The Queen's Speech on Wednesday will set out the government's legislative plans for the next year. What is expected to be in it?
Following the government's latest setback in deporting Abu Qatada, Home Secretary Theresa May told MPs she would bring forward an Immigration Bill. This is expected to allow foreign criminals to be deported more easily. Mrs May has also indicated the bill could encompass plans to tighten the laws relating to the UK Border Agency to make it more effective at deporting people who are in this country illegally. In a speech on immigration at the end of March, Prime Minister David Cameron said he would legislate to make sure illegal immigrants can't get driving licences and also change the rules so private landlords have to check their tenants' immigration status. Both these measures could be included in the Immigration Bill.

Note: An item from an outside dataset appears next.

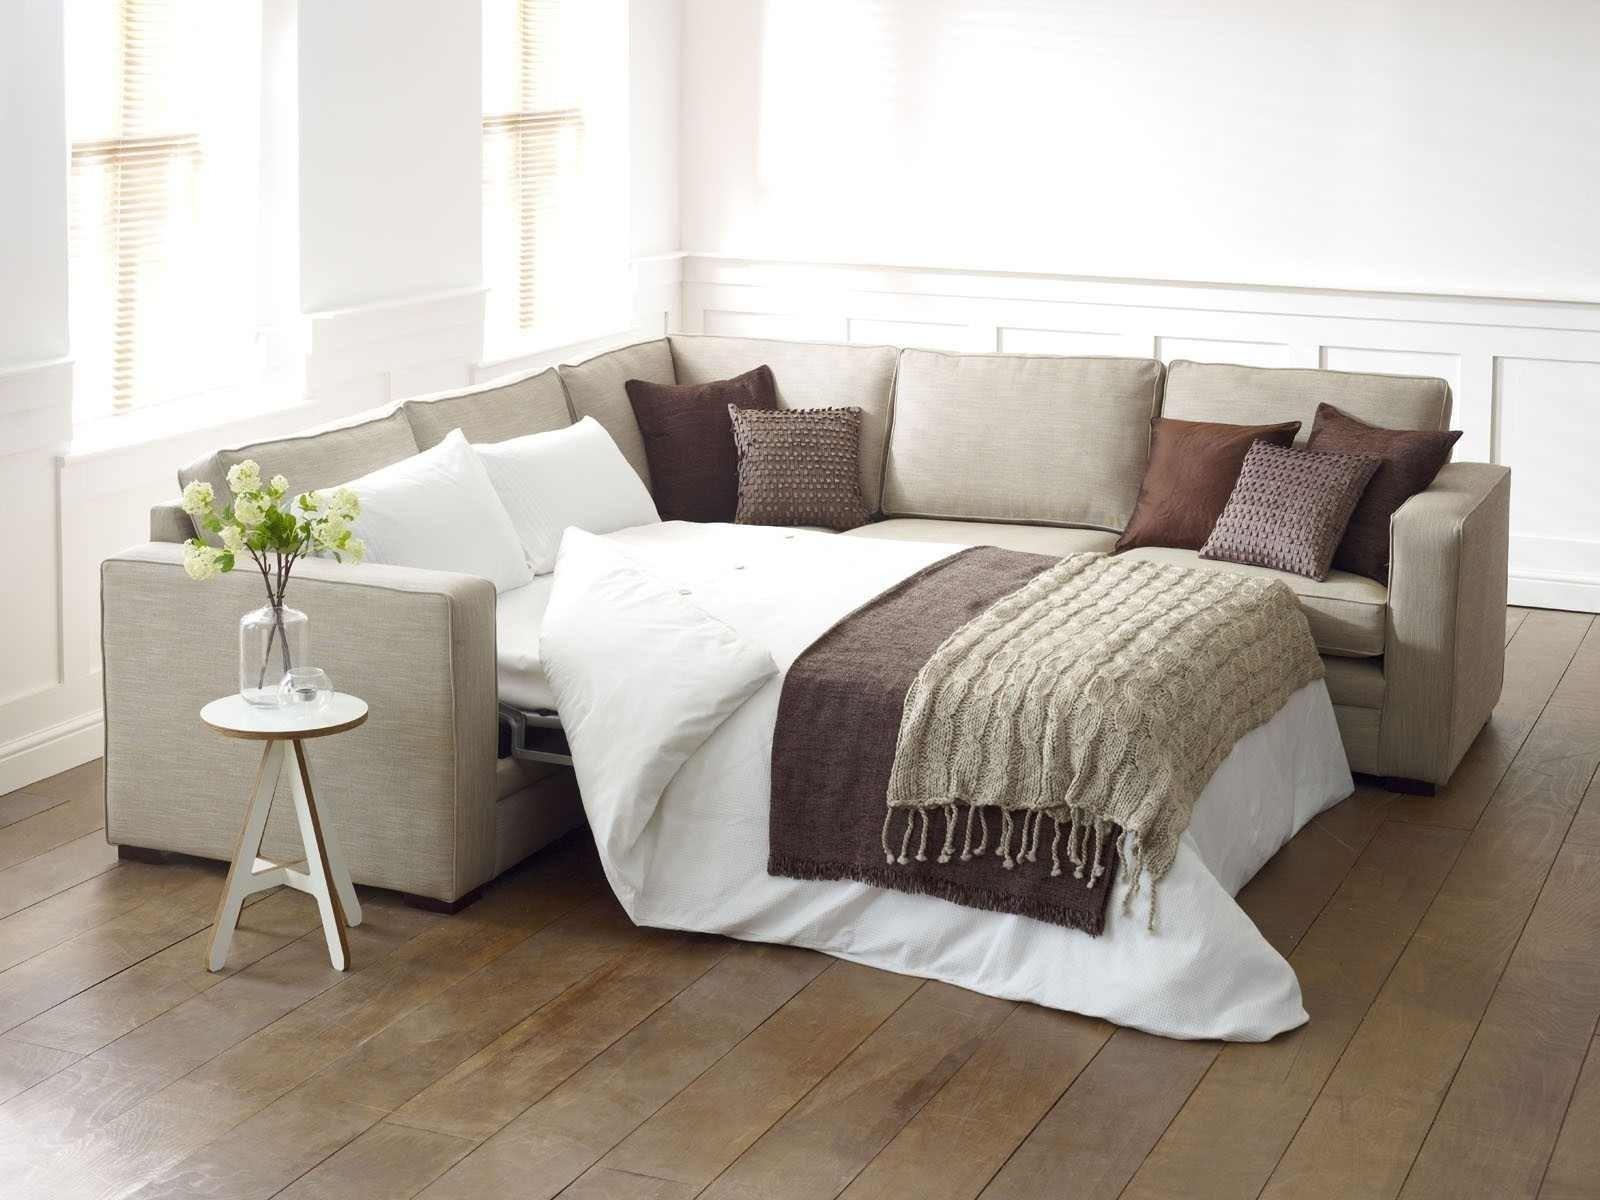 Corner Sleeper Sofa With Design Photo 8595 | Kengire Regarding Corner Sleeper Sofas (Image 6 of 20)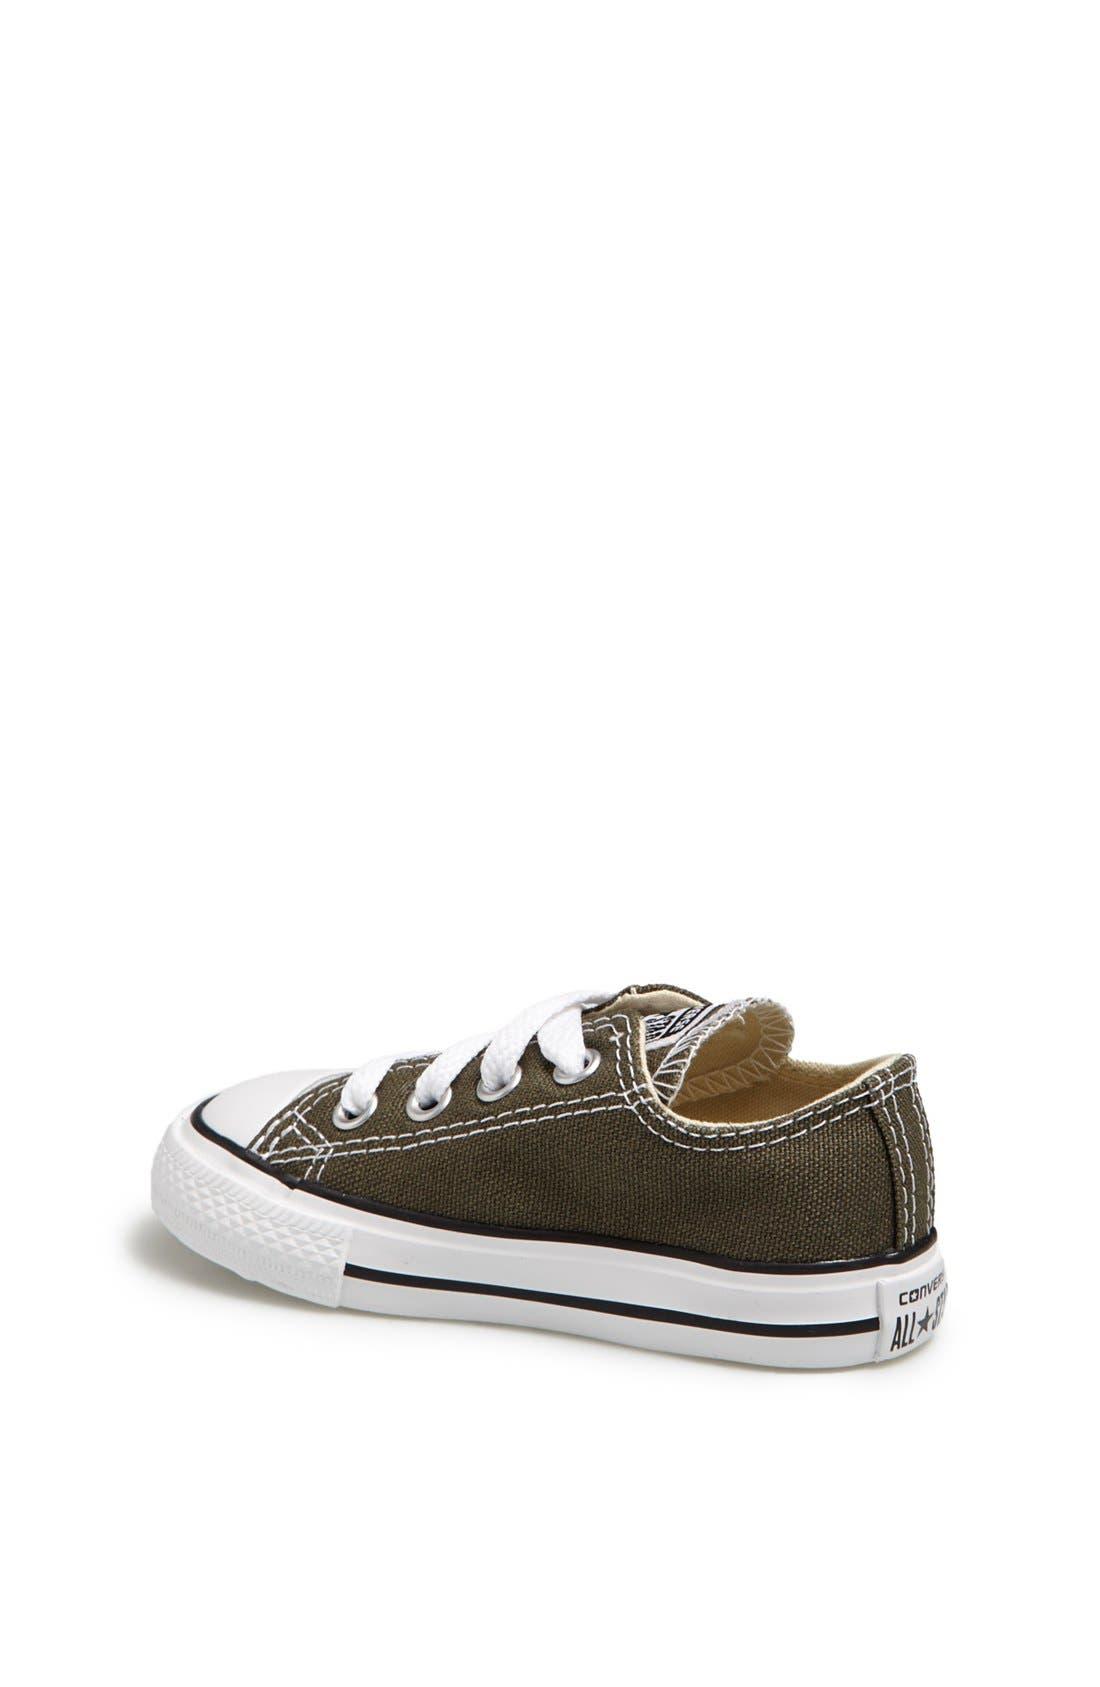 Alternate Image 2  - Converse Chuck Taylor® All Star® Sneaker (Baby, Walker & Toddler)

In January, Prime Minister David Cameron announced his plan to bring forward a Co-operatives Bill to "help build a fairer economy" before the next election. He said the bill would cut red tape and consolidate more than a dozen outdated pieces of legislation governing co-operatives and mutuals.
Civil Service Bill
The government is reforming the civil service. As part of that process, Cabinet Office minister Francis Maude has indicated he could use legislation to allow ministers to appoint the civil servant who runs their department. At the end of last year the Civil Service Commission, which ensures appointments are made on merit, blocked the plan
to allow ministers to appoint their permanent secretary, amid fears it could politicise the civil service.